Turns out I still love this book for college students and new grads. It’s a great depiction of the way I think everyone feels when they first start college. (500-student Hamden College is a ringer for Bennington, where Donna Tartt went to college.) You’re not quite sure of the rules, the groups, the alliances, and while you’re trying to sort that out, everyone is passing judgement on you as they assess their options. (A lot like a new job, too.) There’s a chance to figure out who you want to be, and a chance to pretend to be whatever it is you want to be. This is probably less true for students who stay close to home for college. (How different can UC Irvine’s culture be for a San Diego native?) But for students who go farther afield, the sense of culture shock is all the more shocking today, when the internet has done so much to publicize all the little nuances of subcultures. As Richard’s relationship with his fellow Classics students warms up he notes, “Months after I got to know the five of them, I found to my surprise that at the start they’d been nearly as bewildered by me as I by them.”

The book riffs on so many things you will encounter in college (or already have in AP English), that it’s pretty irresistible. Greek myths and culture, American regional differences, the outsider narrator, the concept of fate, and a dozen different classic novels and writers (starting with Gatsby, for me).
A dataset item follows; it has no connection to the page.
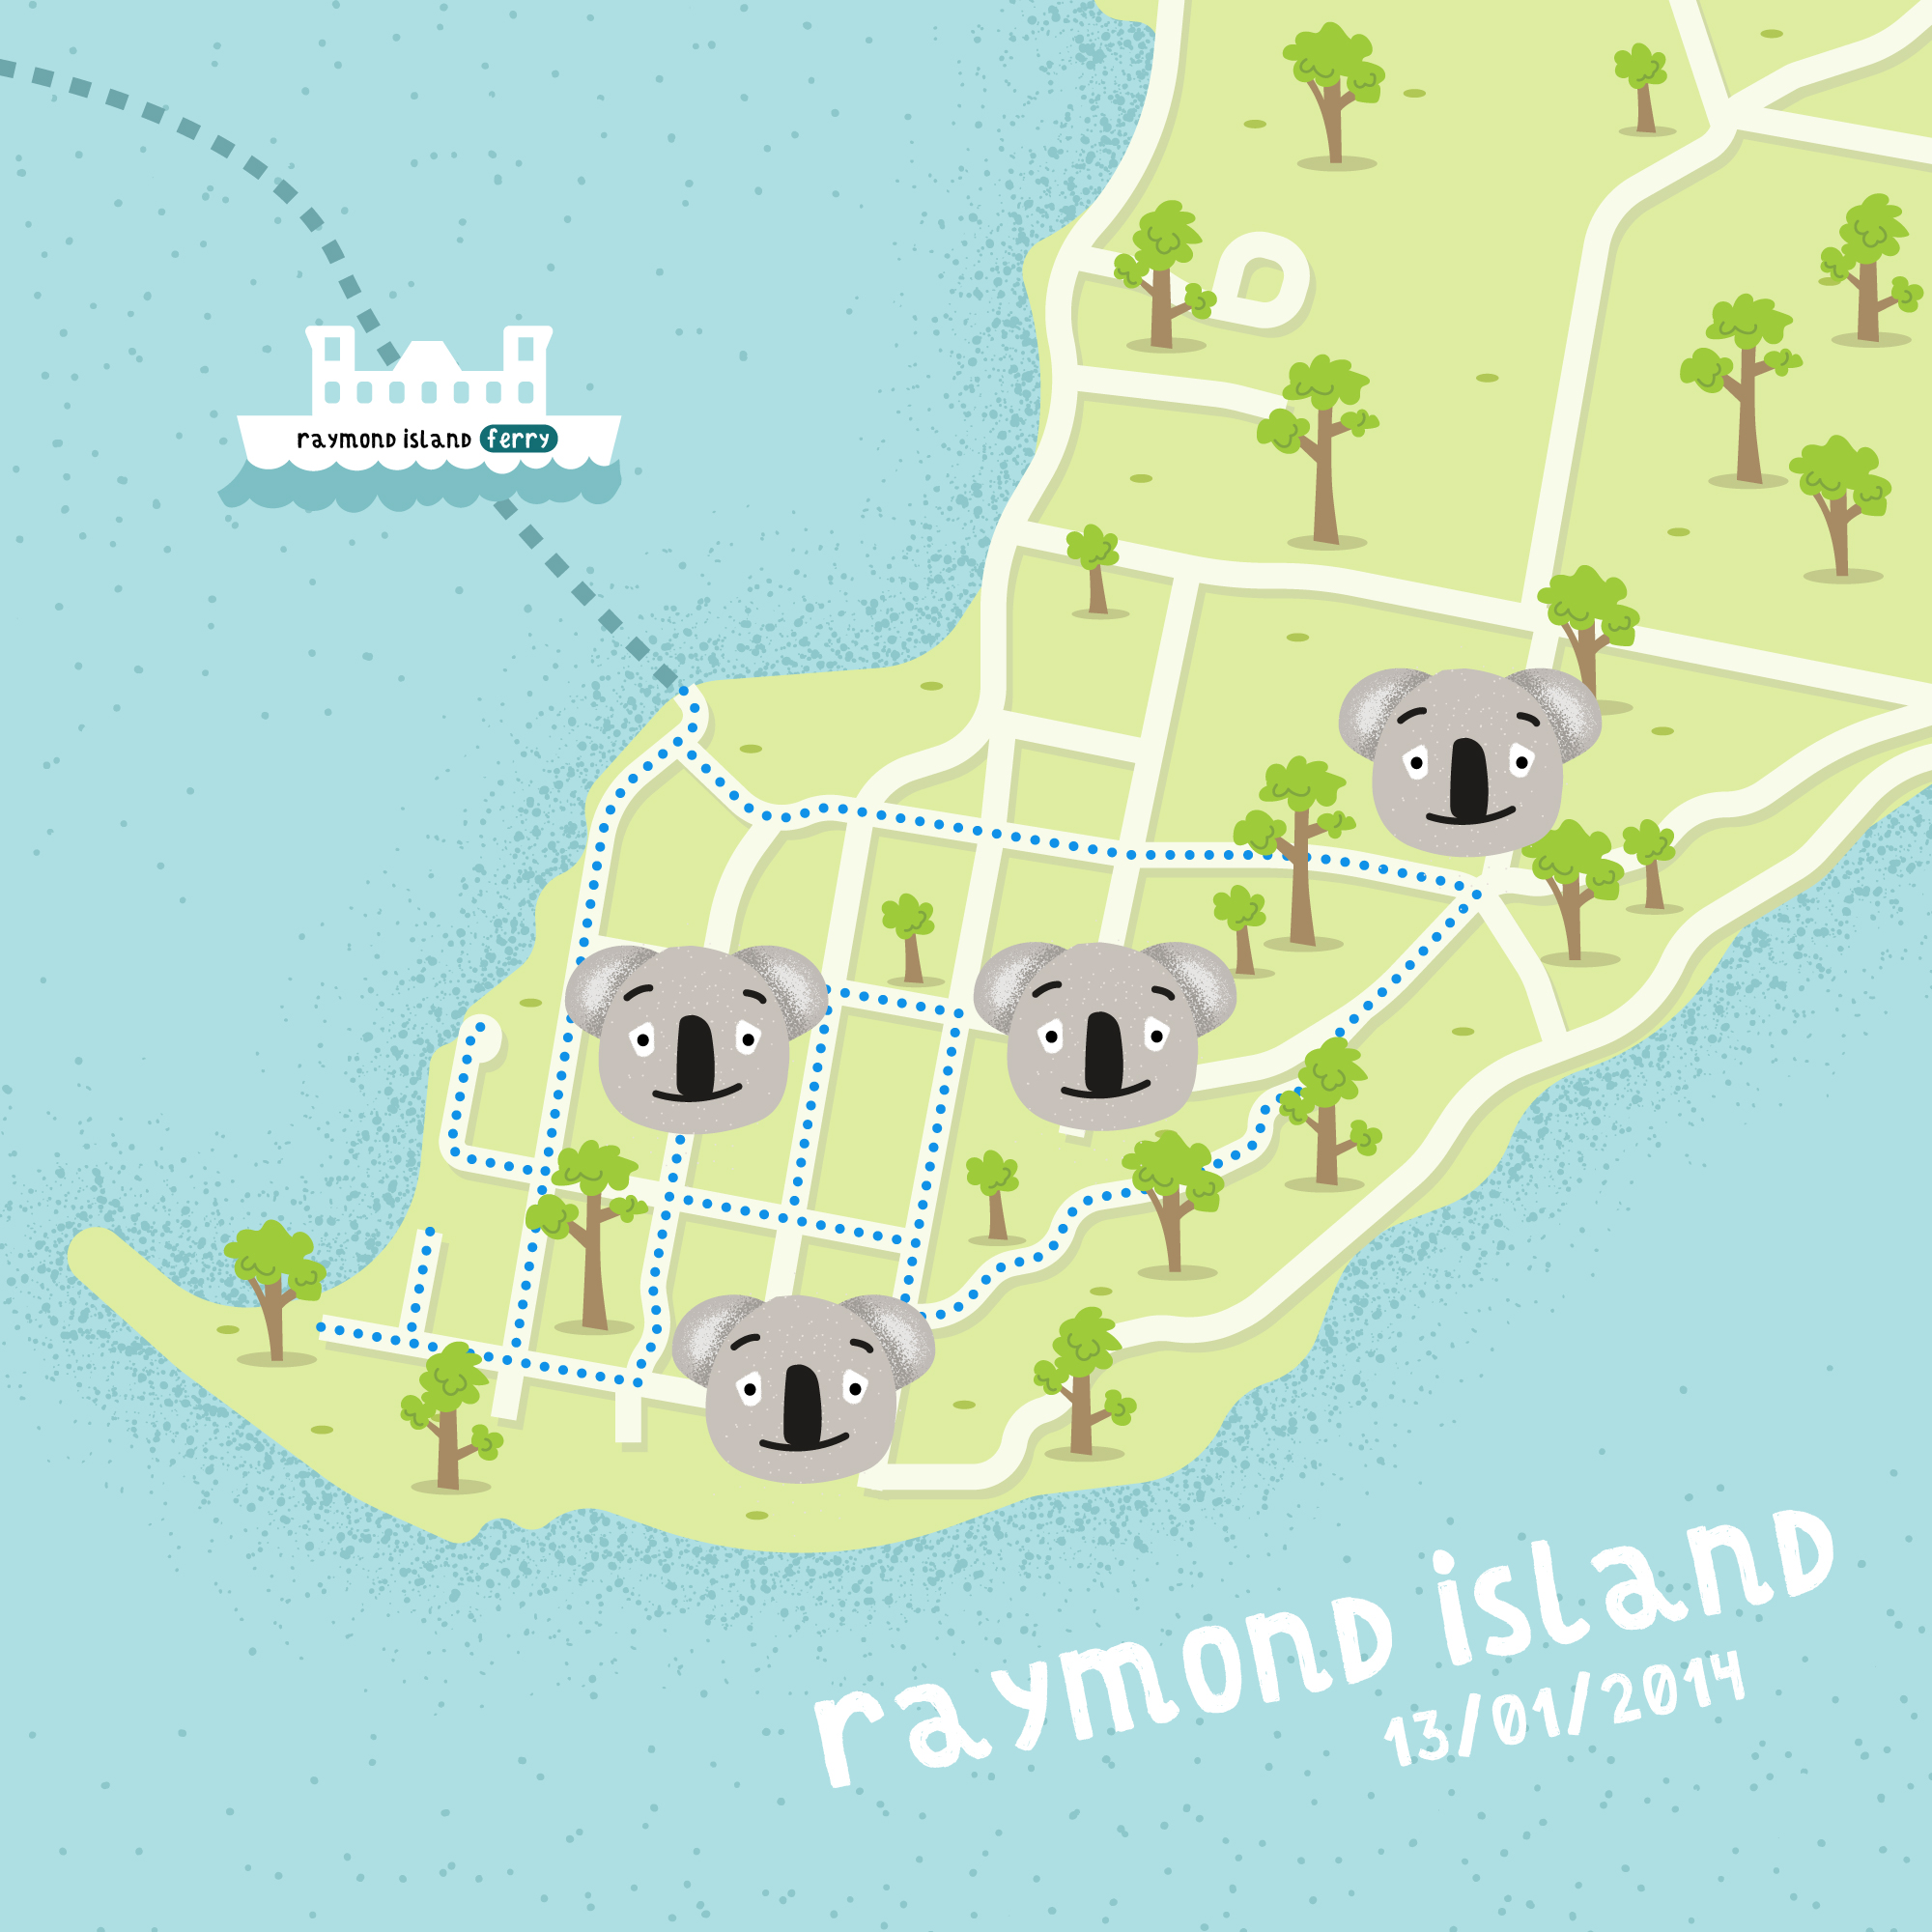 Raymond Island illustrated map
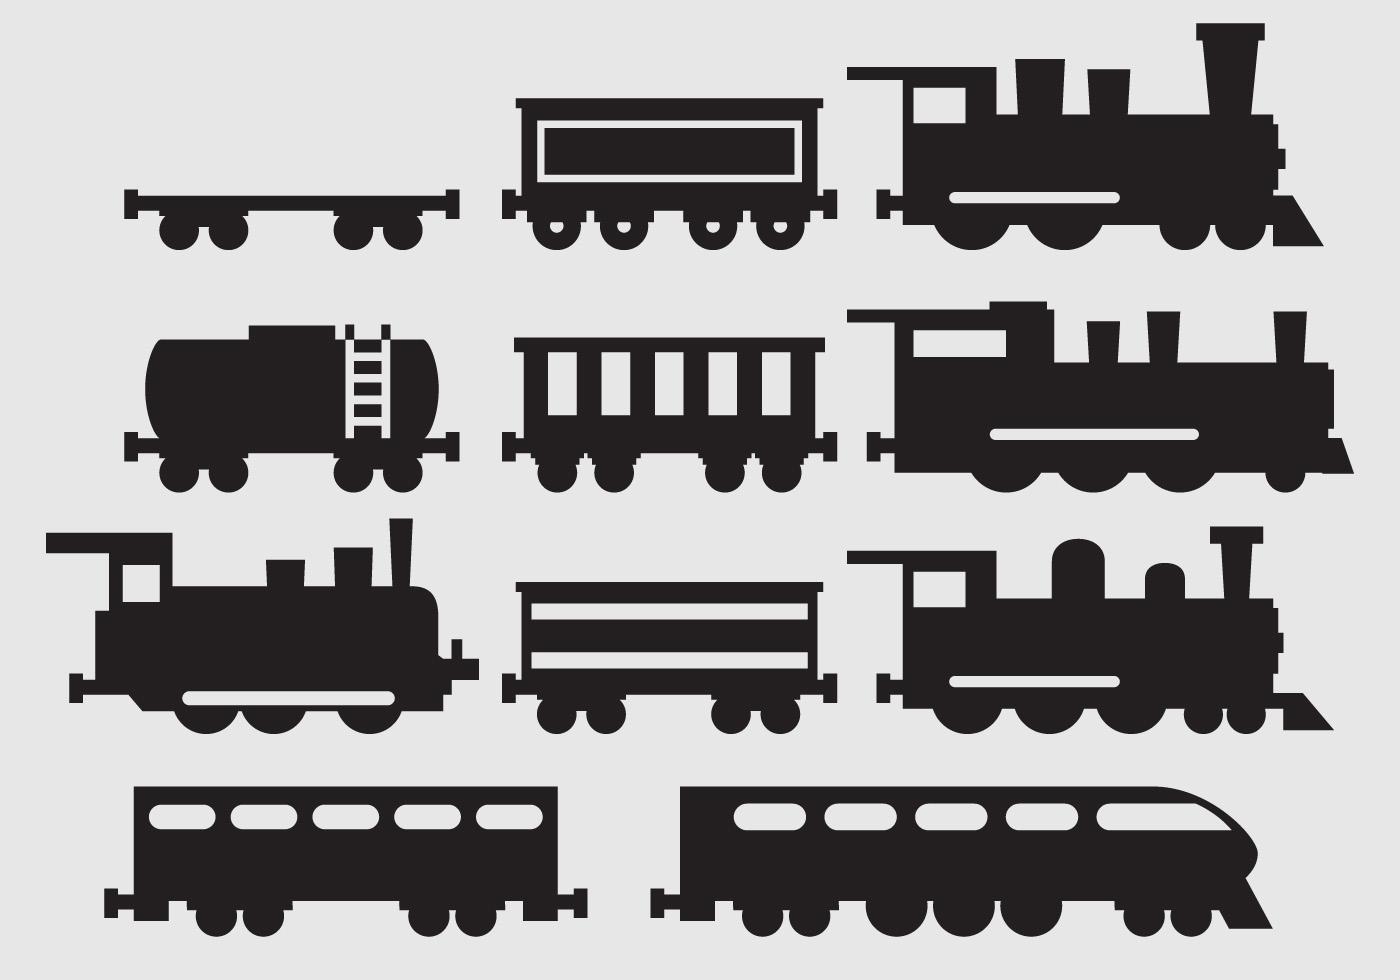 train silhouette vectors download free vector art  stock train track clipart images train track clipart free

Reading it as the parent of college students, this time I was stunned to realize that there was a whole theme I’d missed the first time out reading it as a young adult. Not even one single character has a good parent. As in so much fiction, there are an inordinate amount of dead parents, but those who remain are universally incompetent, drunk, or cruel. And Julian, their charismatic professor and father-figure, is not at all impressive to adult eyes. He’s ultimately as shallow and absentee as the rest of the living parents.

Recommendation? I still love this book. With both sons’ campuses tree-heavy (one with its own forest), small liberal arts schools, one a Humanities minor and the other a Philosophy major (including a class this semester with just three students), and with a number of professor-mentors with whom they are on a first-name basis, I can see pieces of so many real students and the truth of the college experience in this book. It’s a great story, a mystery in reverse—we know who has been murdered and pretty much by whom, but the novel spins out to tell us why. And with the classics theme, the answer may well be that it was always fated to end as it did. I highly recommend to anyone reading Launch Like A Rocket, something none of Tartt’s students are ever going to do, but something her narrator very much wants as he jumps from the frying pan into the fire.